The numbers are not very precise. `100,000+` could mean anywhere from 100 000 to 1M. However, the data doesn't have to be all that precise for our purposes. We will use the current data as it is. `100,000+` will count as 100 000 installations exactly and so on.
As can be seen from the list above the numbers are in string format. We will need to convert them to float and then calculate the averages.

In [19]:
genres_android = freq_table(free_android, 1)

for genre in genres_android:
    count = 0
    length = 0
    
    for app in free_android:
        genre_app = app[1]
        if genre_app == genre:
            installs = app[5]
            installs = installs.replace(',', '')
            installs = installs.replace('+', '')
            count += float(installs)
            length += 1
    
    avg_installs = count / length
    print(genre, ':', avg_installs)
        

ART_AND_DESIGN : 1986335.0877192982
AUTO_AND_VEHICLES : 647317.8170731707
BEAUTY : 513151.88679245283
BOOKS_AND_REFERENCE : 8767811.894736841
BUSINESS : 1704192.3399014778
COMICS : 817657.2727272727
COMMUNICATION : 38326063.197916664
DATING : 854028.8303030303
EDUCATION : 1768500.0
ENTERTAINMENT : 9146923.076923076
EVENTS : 253542.22222222222
FINANCE : 1387692.475609756
FOOD_AND_DRINK : 1924897.7363636363
HEALTH_AND_FITNESS : 4167457.3602941176
HOUSE_AND_HOME : 1331540.5616438356
LIBRARIES_AND_DEMO : 638503.734939759
LIFESTYLE : 1437816.2687861272
GAME : 12914435.883748516
FAMILY : 5183203.576042279
MEDICAL : 123064.7898089172
SOCIAL : 23253652.127118643
SHOPPING : 7036877.311557789
PHOTOGRAPHY : 17840110.40229885
SPORTS : 4274688.722772277
TRAVEL_AND_LOCAL : 13984077.710144928
TOOLS : 10801391.298666667
PERSONALIZATION : 5201482.6122448975
PRODUCTIVITY : 16772838.591304347
PARENTING : 542603.6206896552
WEATHER : 5074486.197183099
VIDEO_PLAYERS : 24790074.17721519
NEWS_AND_MAGAZINES : 

As with the App Store, these numbers can be misleading as they are skewed in most genres by a few big apps that have 100M - 1B installs(Facebook, Youtube, Chrome, MS Word etc).
As before, the problem is that the install numbers might not truly reflect the popularity of the genre of apps as a whole.

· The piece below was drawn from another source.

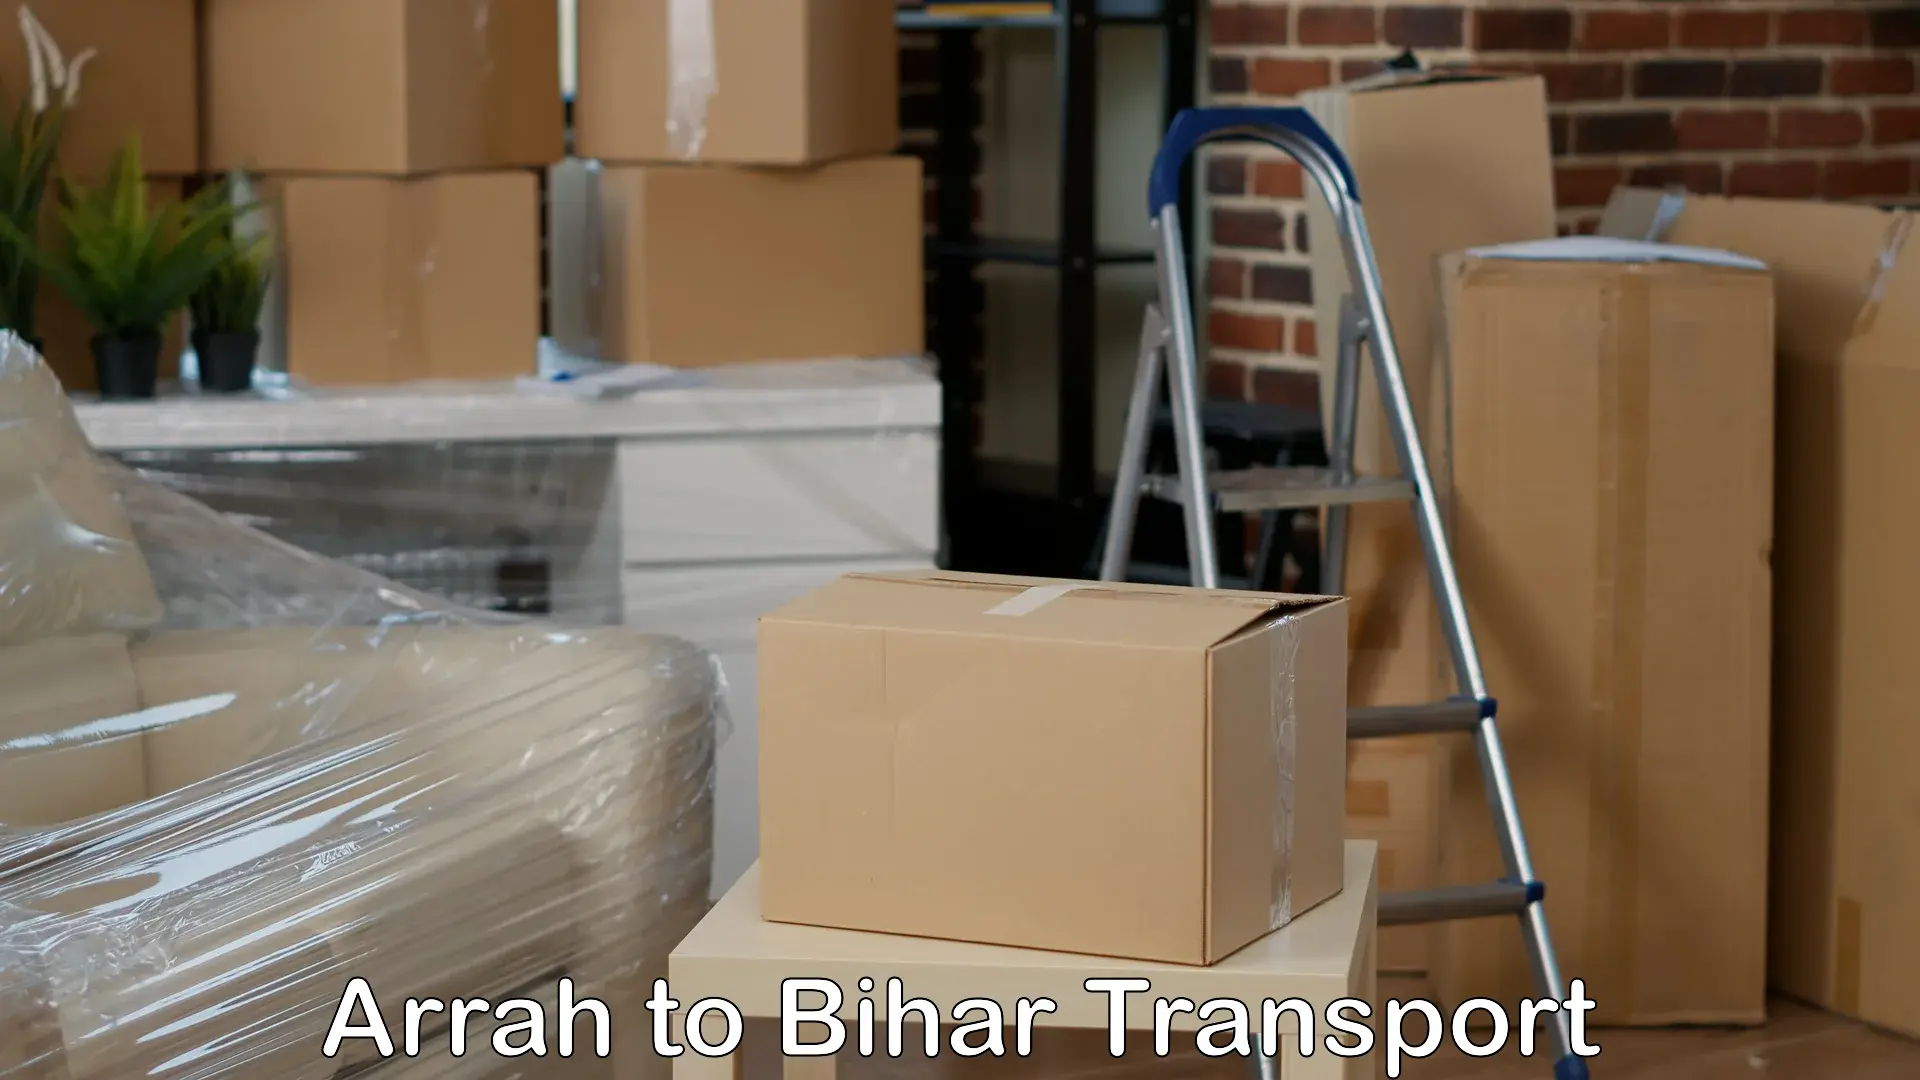 Truck transport companies in India Arrah to Minapur

It also seems difficult to compete in most of the genres due to domination by a few giants.

# Conclusion

The app markets on both Google Play store and iOS App Store. The various genres are either saturated by competitors (i.e. Gaming) or dominated by a few giant apps.
The most plausible strategy is to find a genre on both markets that is only dominated by a few giants and is not saturated in the <100M segment. With proper resources it should be possible to create a successful app in this genre.

What genre is chosen would also depend on what kind of resources are available to the company:
- What is the marketing budget?
- What kinds of domain knowledge does the company have?
- Can they partner with various brands?

Since the company gets it's money from inn-app ads the app would have to be one that is frequently used. Weather apps, travel apps and other apps that the user is unlikely to interface with often will probably not be a good investment.